Para operadores do Direito, ofender alguém continua sendo algo temeroso e impensável. ‘Meramente’ porque é crime. Precisa de mais?

Assim, cada vez que alguém xinga Lula de ‘ladrão’ comete um crime, além de dano moral, e pode ser processado civil e criminalmente. A mesmíssima coisa se alguém xingar Bolsonaro de ‘genocida-fujão’. Cometerá crime.

Não será crime de injúria, um texto jornalístico, literário, artístico ou científico, construindo uma opinião desfavorável, ainda que uma crítica ácida, mas sempre sem a finalidade de ofender, xingar, injuriar. É como está no Código Penal, artigo 142, inciso II.

E a lei é tão severa quanto à Injúria, que neste tipo de crime, não é admita a ‘exceção da verdade’. Ou seja, se alguém xinga Bolsonaro de ‘genocida’, e vem a ser processado criminalmente por ele, não poderá fazer a prova, em sua defesa, no processo judicial, que Bolsonaro teria sido tecnicamente um genocida no governo. Para o crime de Injúria, o que o Direito quer, efetivamente, é que ninguém ofenda alguém. Sabendo-se que, nalguns casos, quem der publicidade à ofensa também comete o crime.

Muita gente se surpreende quando fica sabendo que ofender, inclusive na internet, é crime. É um crime de ação penal privada, ou seja, cabe exclusivamente à vítima, mover a ação judicial. Muitos contratam advogado e ajuízam ação, ou até duas ações, uma civil e outra criminal. Outras tantas vítimas optam por não fazer nada. É escolha de cada um.

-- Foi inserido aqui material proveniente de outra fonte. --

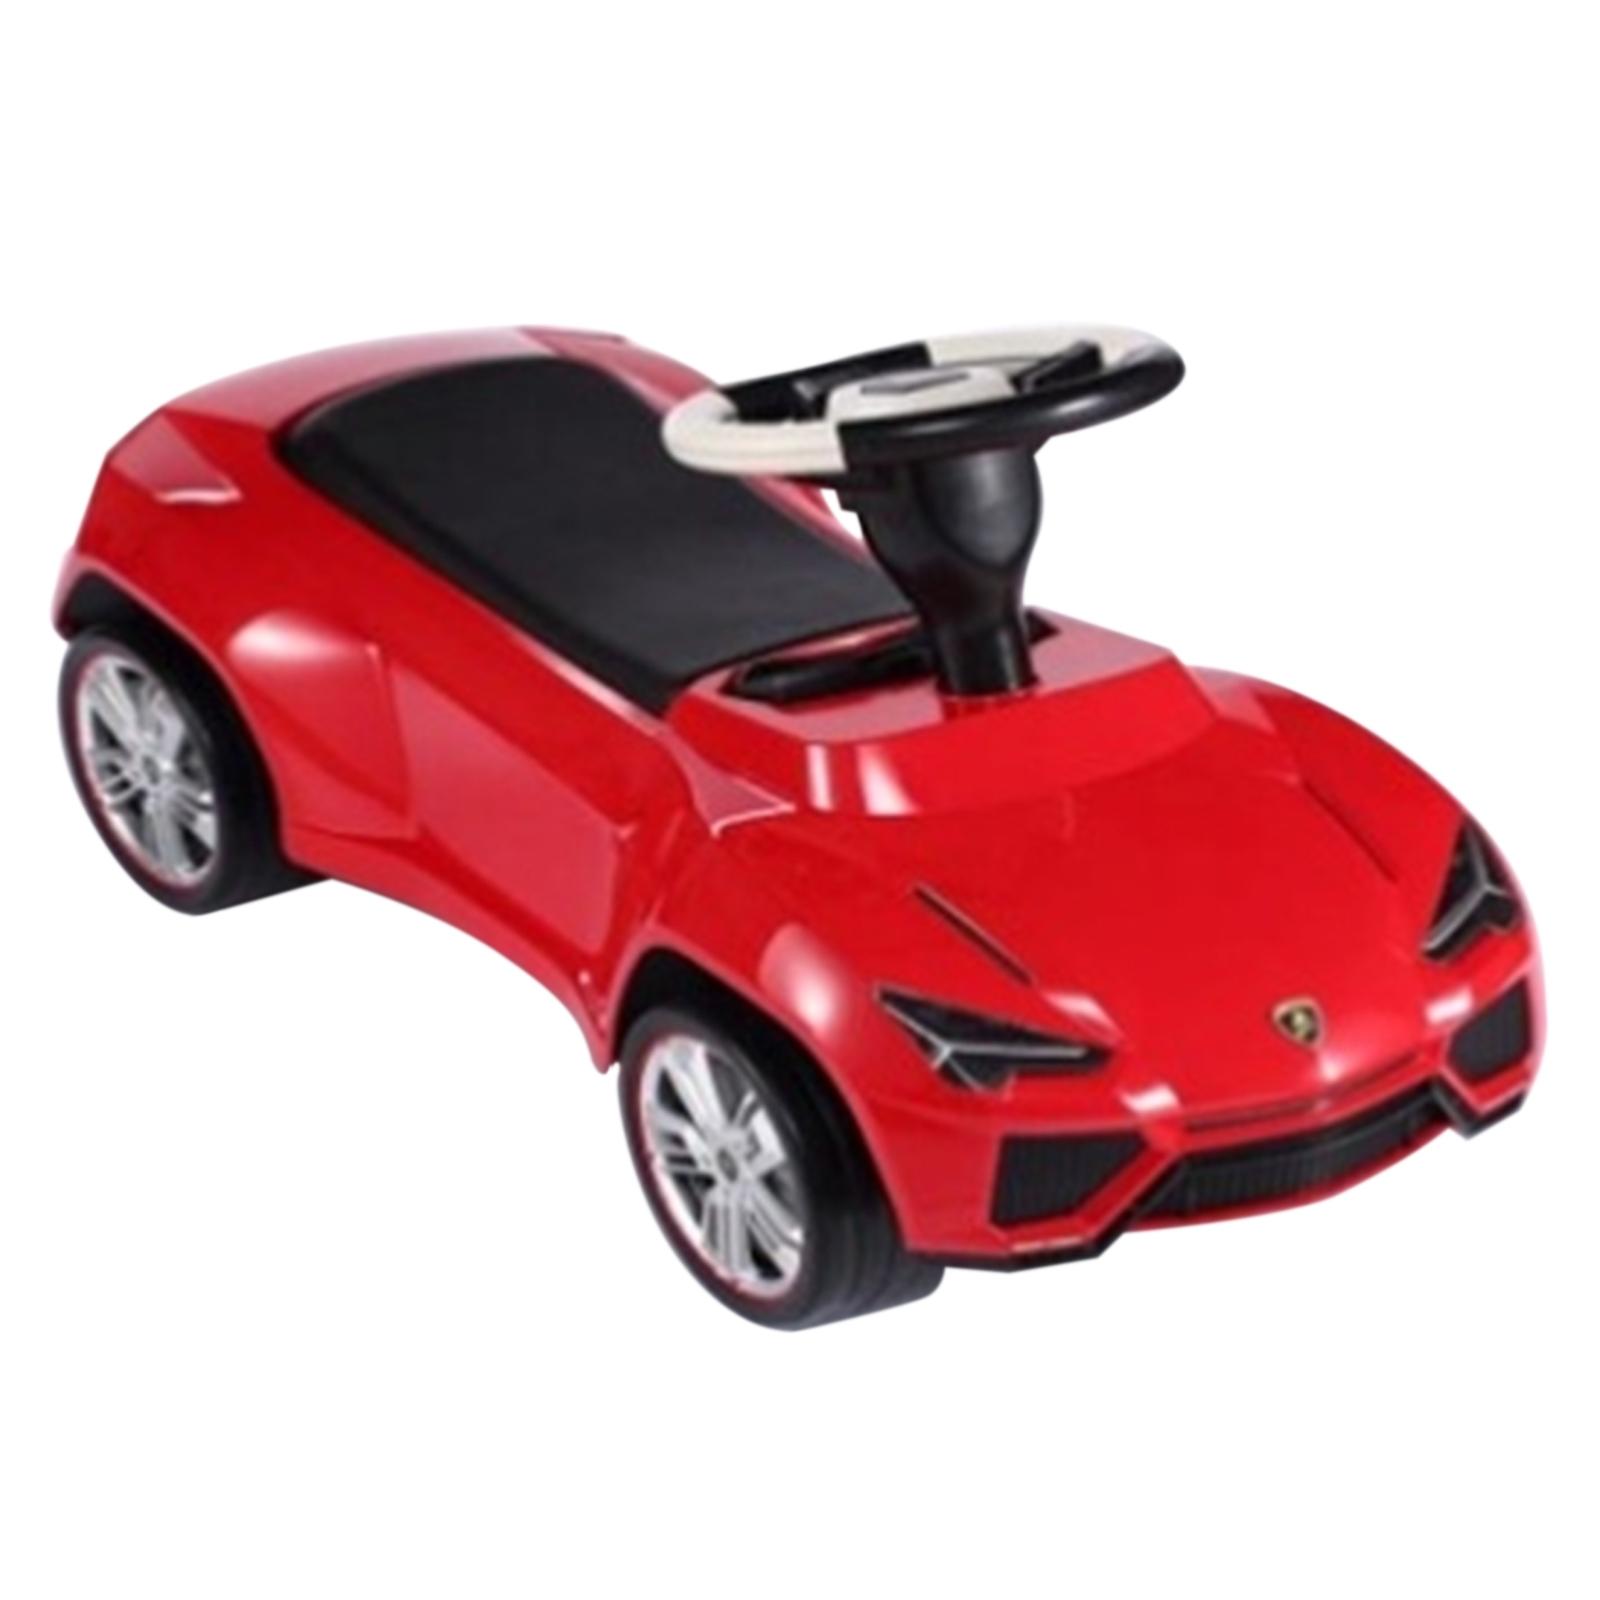 Lamborghini Urus Licensed Ride On Push Car - Red

Por fim, fala-se muito em Estado Democrático de Direito. Ora, esta é a sociedade que, em primeiro lugar, se obriga a respeitar as leis. Em segundo e imediatamente junto, se obriga a respeitar as decisões judiciais. Assim, ‘querer’ que o crime de Injúria, seja bobagem, seja exagero, seja cafona ou não valha juridicamente pode ser, juridicamente, uma péssima ideia. Tão grande quanto acabar recebendo em casa uma citação judicial, de que está sendo processado criminalmente porque ofendeu alguém na internet. Uma tormenta, inclusive financeira.

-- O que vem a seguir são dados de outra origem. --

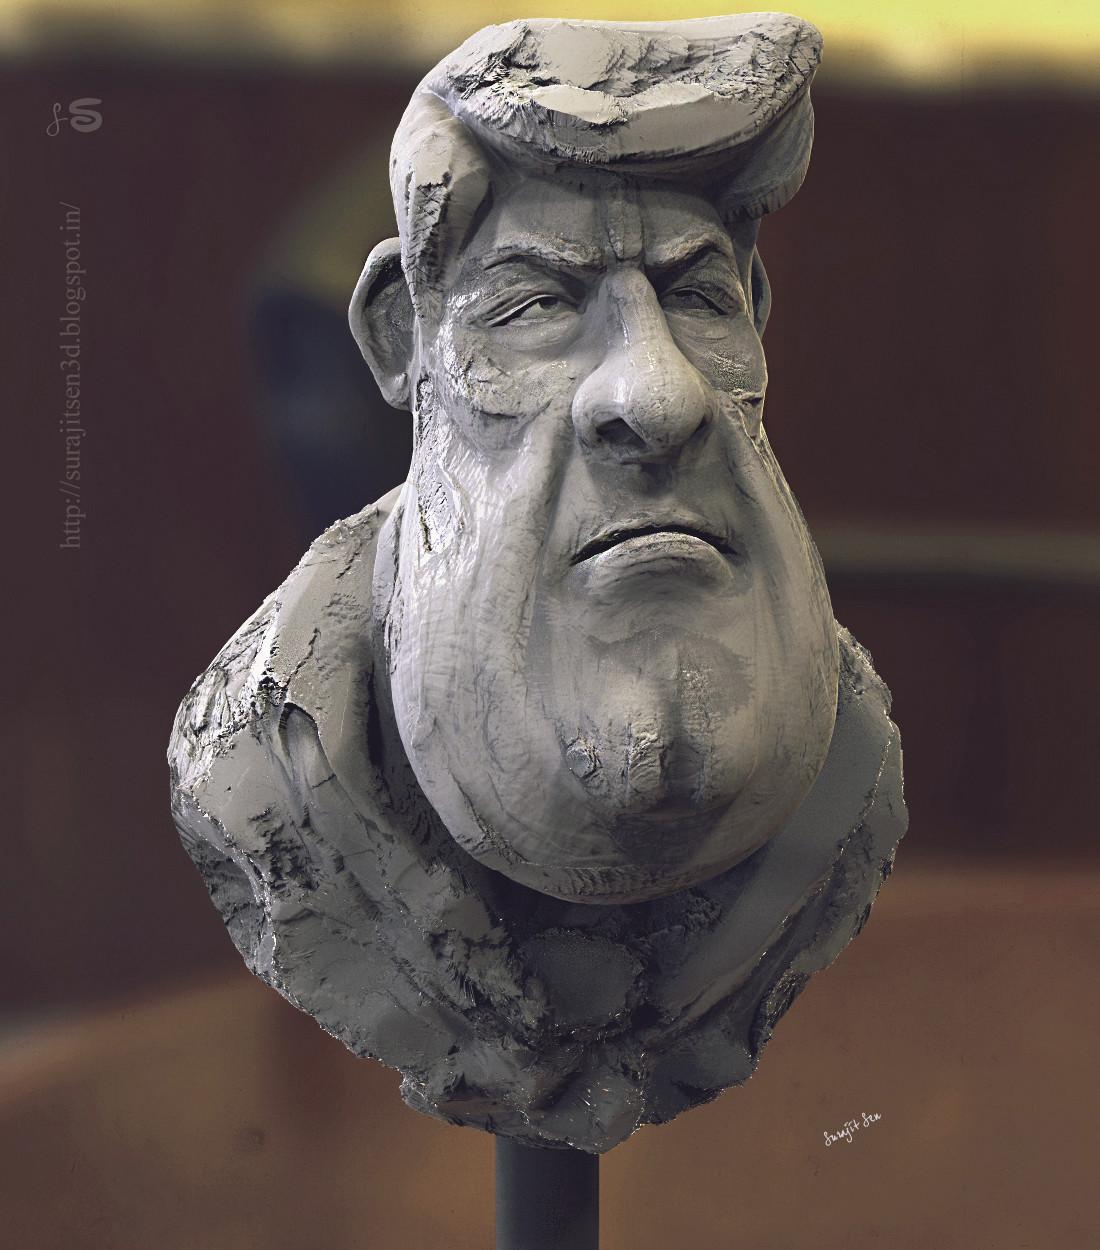 Surajit sen unminded clay sculpt suarajit sen

Xingar magistrados do Supremo Tribunal Federal, ou qualquer pessoa, em aeroportos, ruas ou restaurantes acreditando que a ofensa virou ‘jargão’, sim, é crime. Achar que ‘pessoa pública’ pode ser ofendida ou que não tem intimidade etc., é pura ignorância. O casal, na Bahia, que chamou Rodrigo Maia, de férias com a esposa, de ‘ladrão e vagabundo’, em público, está sofrendo um custoso, e óbvio, processo criminal. Agora, certamente dirá que ‘não quis ofender’. Hã hã...

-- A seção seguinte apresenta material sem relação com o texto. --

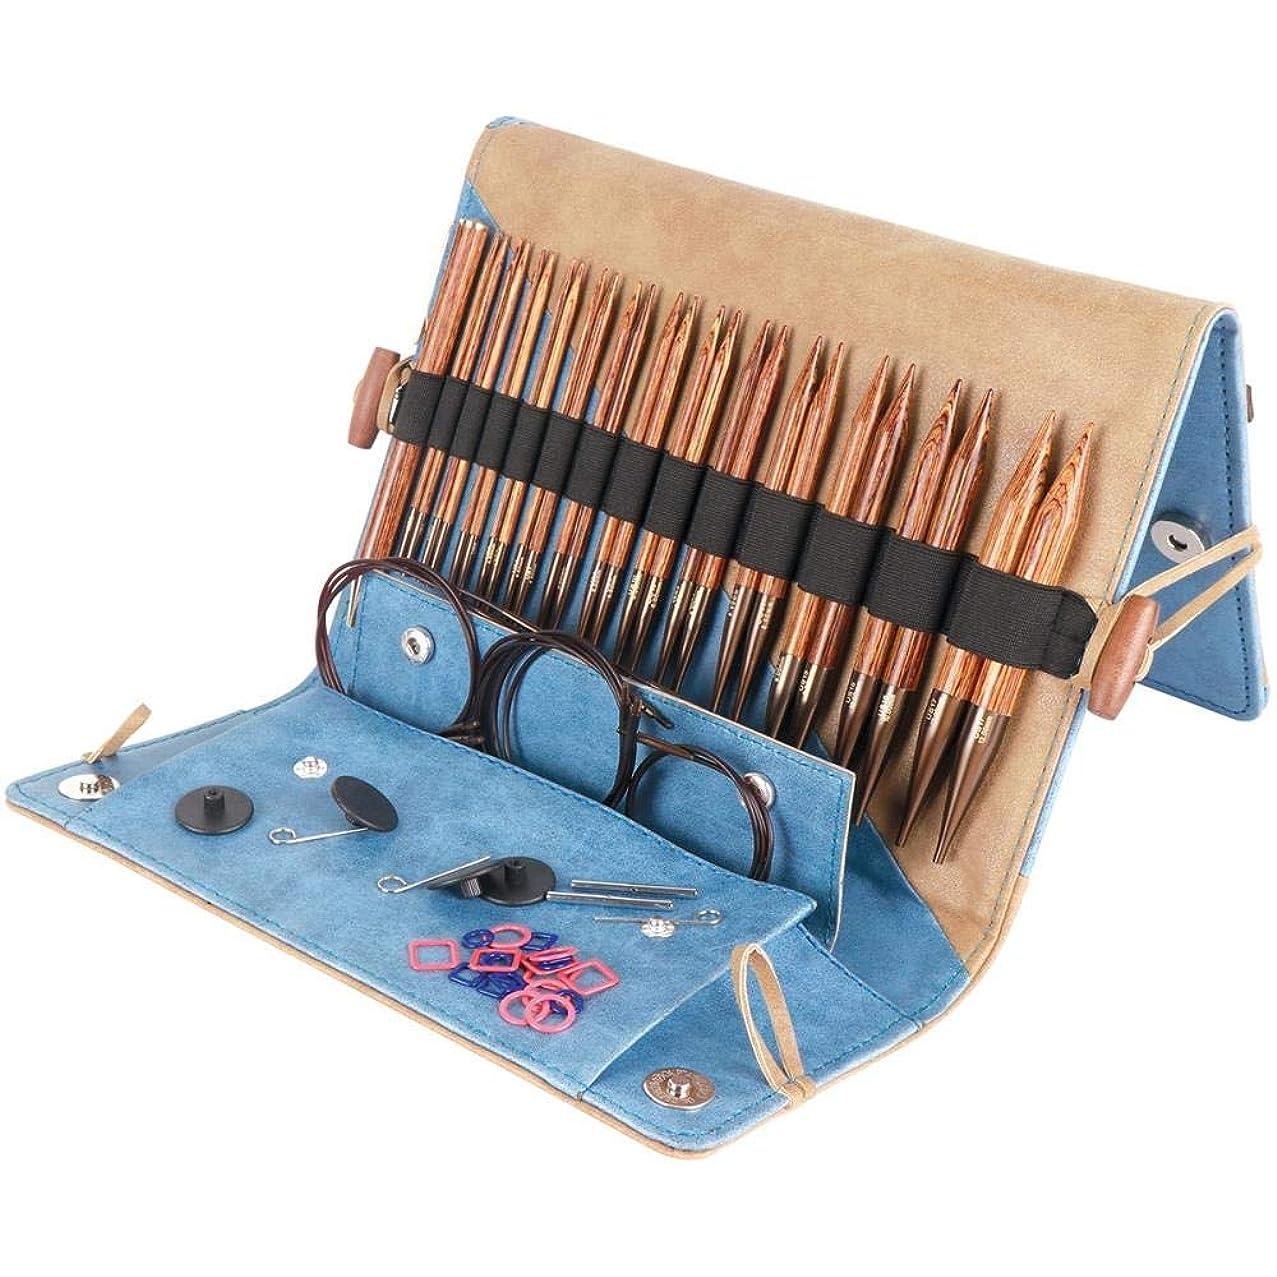 Knitter's Pride KP150301 Ginger Deluxe Interchangeable Needles Set

A sociedade brasileira terá que se reeducar, para ontem. Inclusive perdendo um medíocre prazer de reenviar ofensas e xingamentos a pessoas determinadas, pelas redes sociais. O que, de quebra, em todos os casos, pode ser crime. Ou não, ... e continuar anarquicamente no ‘crime’, rsss. O caso é que esta sanha xingadoura e ofensivista, que parece ter entrado na moda, para grosseiros e rudes, ainda vai custar, juridicamente, muito caro, para muita gente.